Self-directed support

The self-directed approach

The self-directed approach means that the person with a disability is at the centre and, to the extent that they are able, in charge of the planning, design and implementation of the services and supports they need.

People can consider who is best able to provide those supports. This includes informal supports, community supports that all people use and, where needed, funded disability supports.

The self-directed approach means the person is at the centre of decision-making in relation to:

  • planning based on their expressed goals and disability-related support needs
  • deciding what supports they need and who will provide them
  • knowing how much funding they are allocated, managing it wherever possible and being able to take it with them if they change services or where they live
  • taking responsibility for their decisions.

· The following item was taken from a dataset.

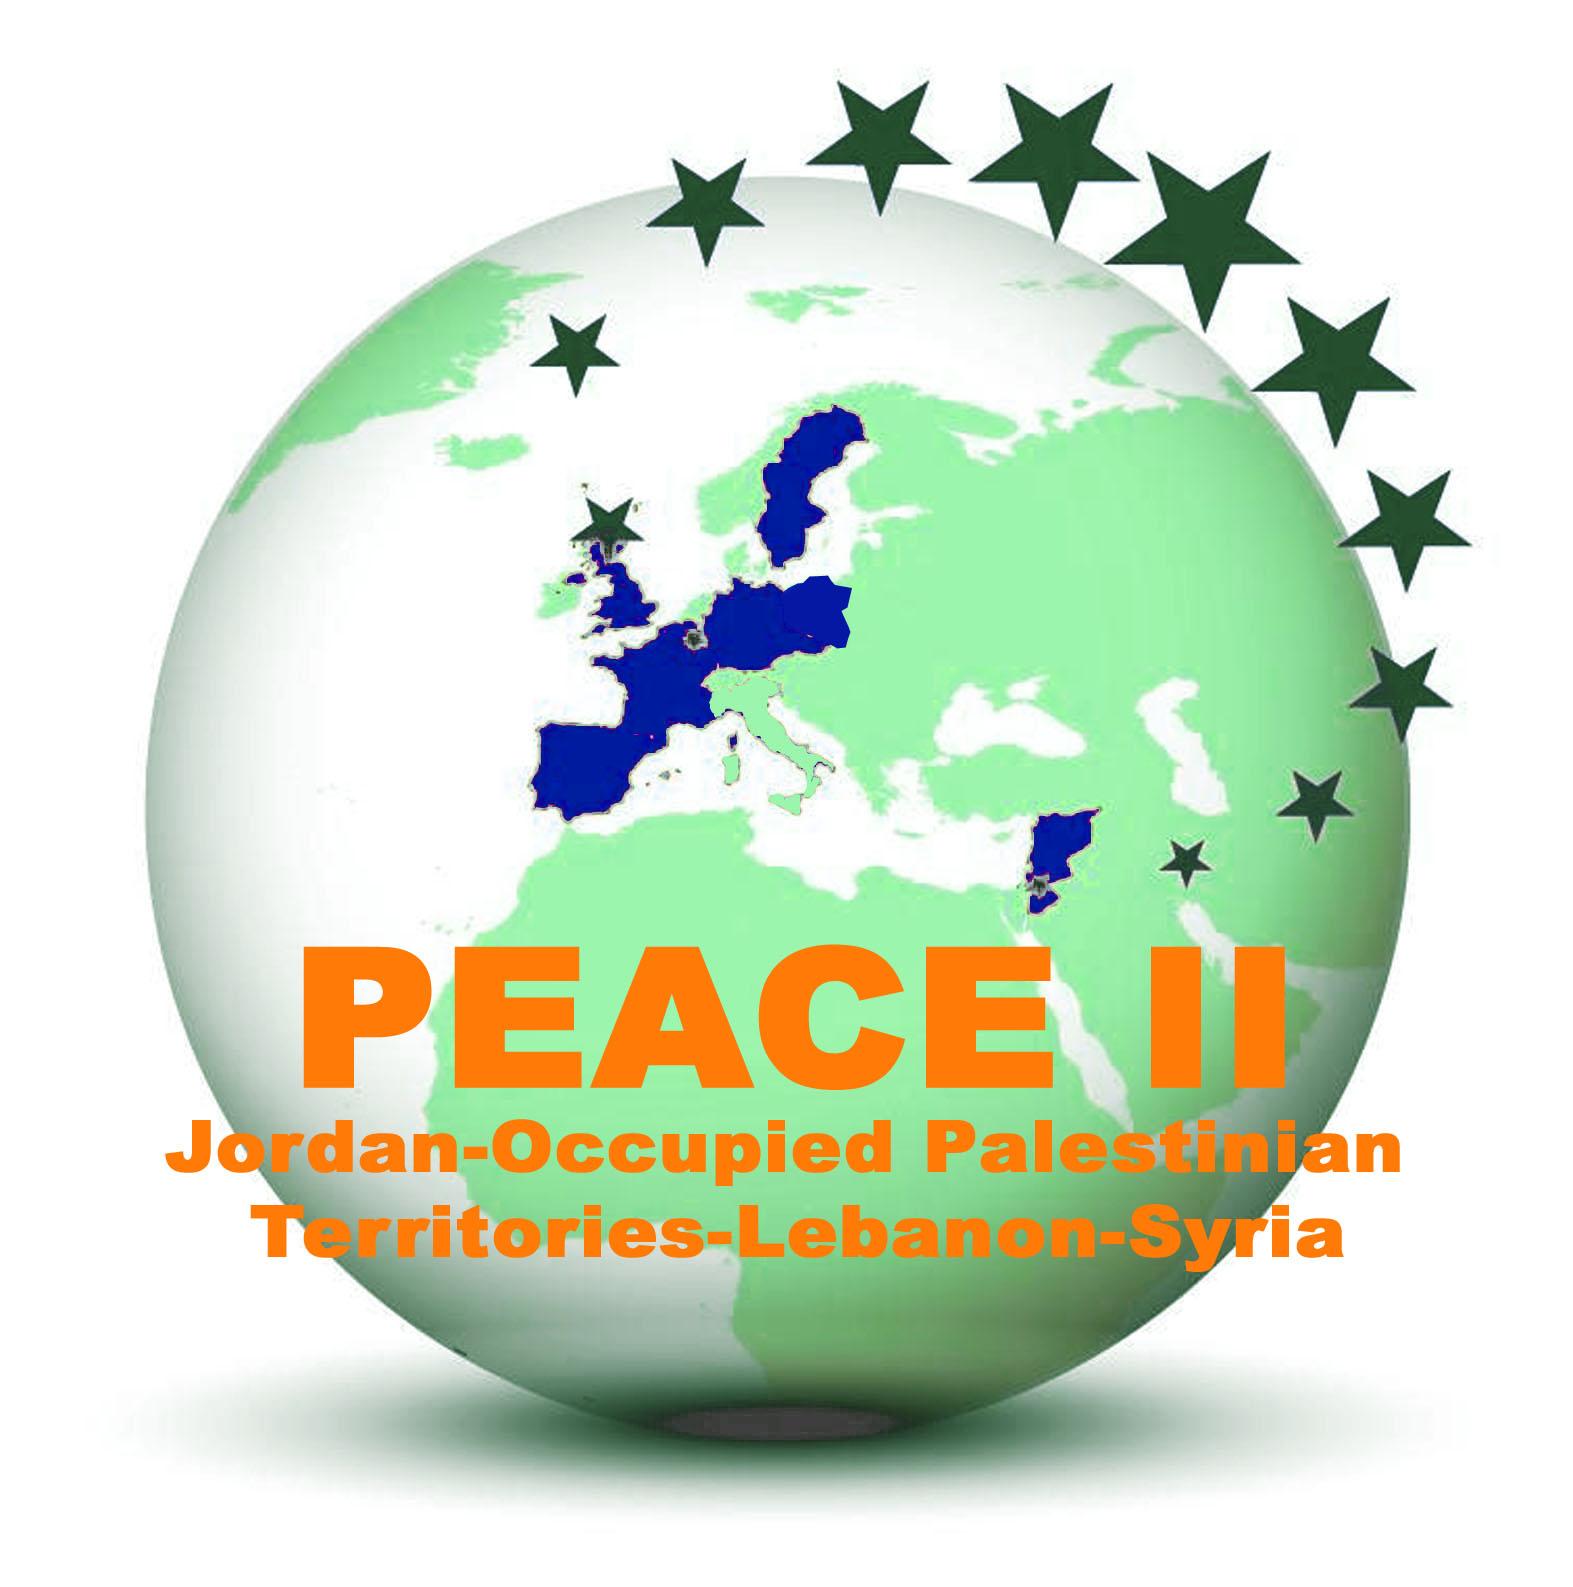 Logo of PEACEII

Where the person with a disability is a child, their parent(s) or guardian(s) direct the planning, funding and supports so that they are family-centred. That is, the supports they require may both directly support the child and also the family/guardian in their caring role.

Further information

Read the self-directed approach to supporting people with a disability in Victoria information sheet.

Examples of self-directed support

Evaluating the transition to self-directed support in Victoria

The department has engaged Dyson Consulting Group to evaluate how the introduction of self-directed support via Individual Support Packages (ISPs) has contributed to outcomes for people with a disability and their families and carers. Dyson will also look at what can be done to improve the way in which ISPs are implemented. The evaluation commenced in March 2011 and will be completed by June 2013.

How can I get involved?

To date Dyson has hosted a series of forums and interviews across Victoria with people with an Individual Support Package (ISP), their family and carers, disability service providers, peak/industry organisations and the department.

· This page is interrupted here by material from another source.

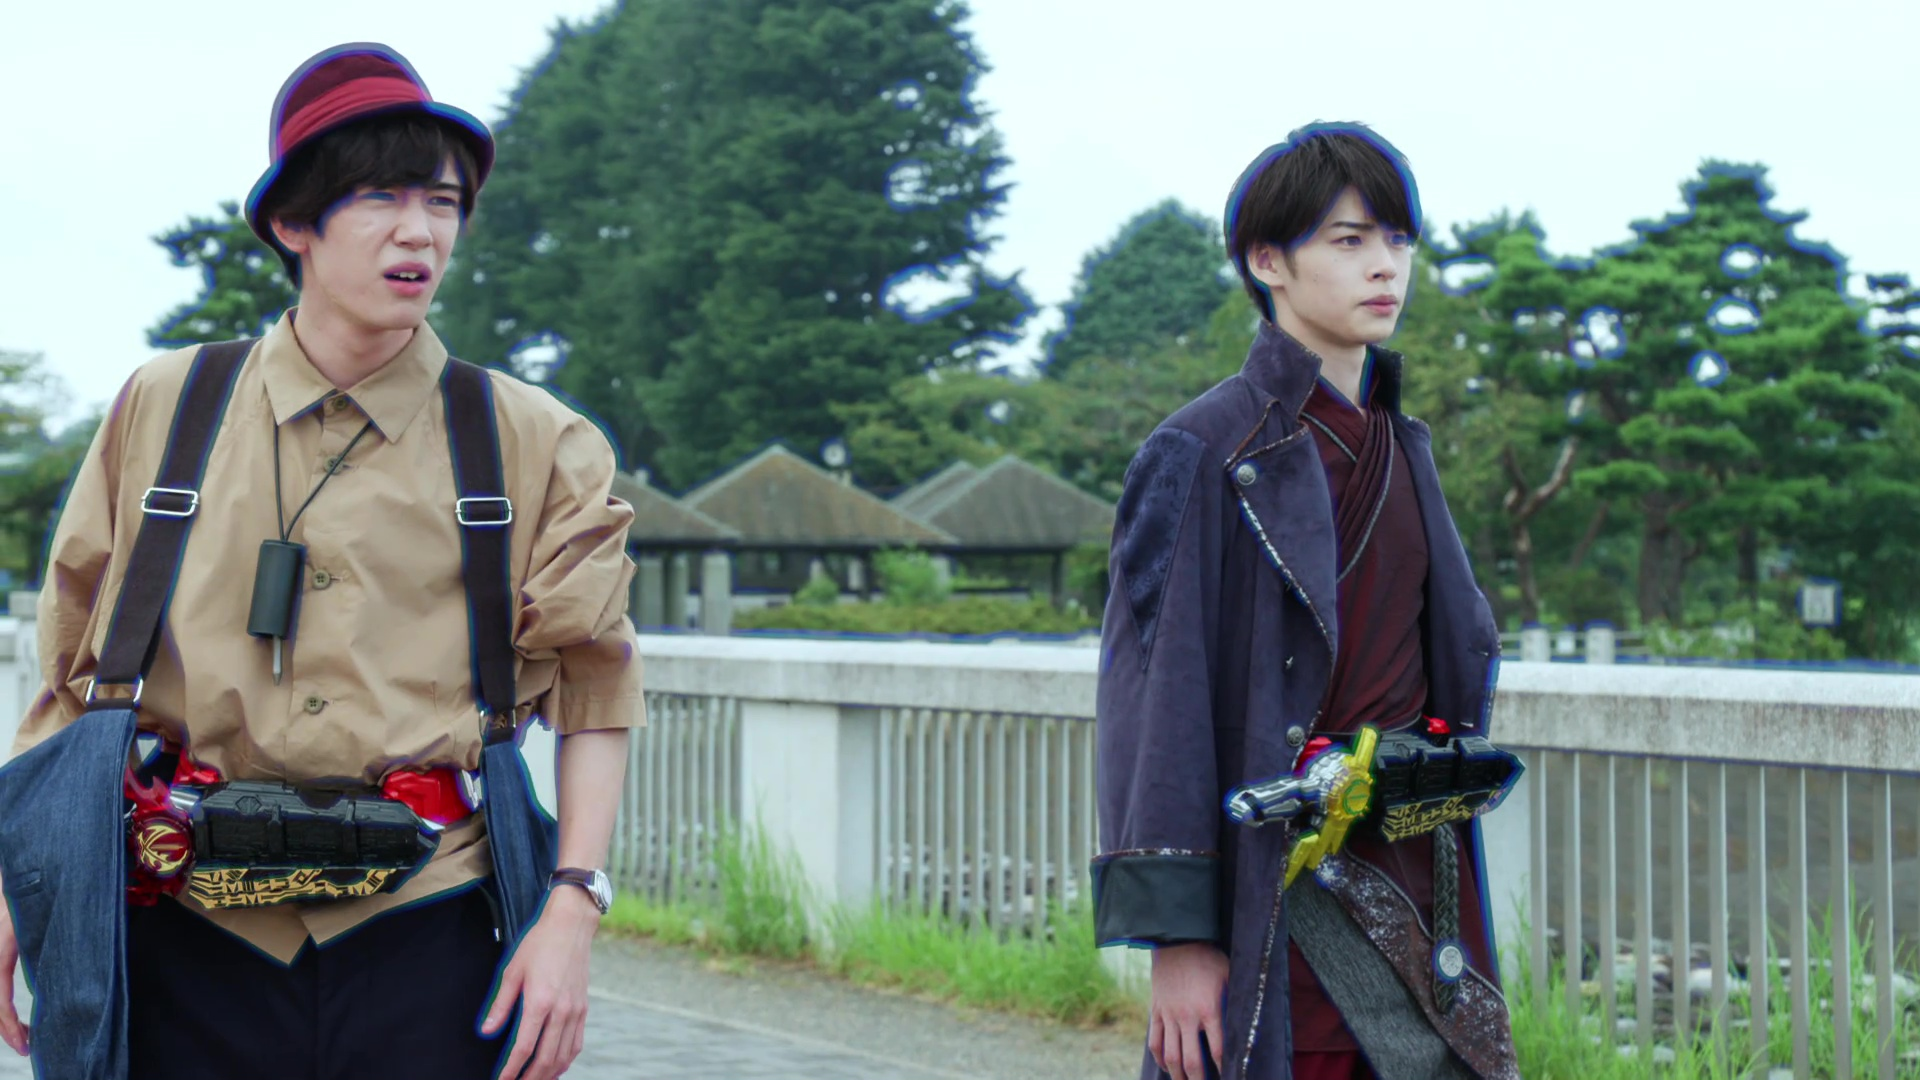 Kamen Rider Saber Episode 5 Recap

Dyson has also developed two on-line surveys (one for individuals with an ISP and one for service providers) to give people the opportunity to provide feedback about their experiences with ISPs.

Further information

Supporting decision making

A key component of self-direction is to recognise that people can and should be able to make decisions about the important things in their lives to the best of their ability and wishes. A number of documents have been developed to make sure that people get the support they need or want to help with making decisions.

Peer support

Peer support is when people share what they have learned from their experiences with someone on a similar journey. Some people describe it as talking with someone who has 'walked the walk'.

Who to contact for further information

For people with a disability and their families:

The Disability Intake and Response Service is the key point of contact.

This service will connect you to your local office and is available Monday to Friday from 9am– 5pm on 1800 783 783 or TTY 1800 008 149.

For disability service providers:

Contact your local departmental program and service advisor.

  • Peer support

    Peer support is when people share what they have learned from their experiences with someone on a similar journey. Some people describe it as talking with someone who has 'walked the walk'.

  • Supporting decision making

    The freedom to make decisions about things which affect our lives is a right that everyone should enjoy. Some people with a disability may need help to make decisions and tell others about their choices.

Contact information

Phone: 1300 650 172
(local call fee within Australia, except mobile phones)
Fax: (03) 9096 9140
TTY: (03) 9096 0133
(for people who are deaf or have a hearing, speech or communication impairment)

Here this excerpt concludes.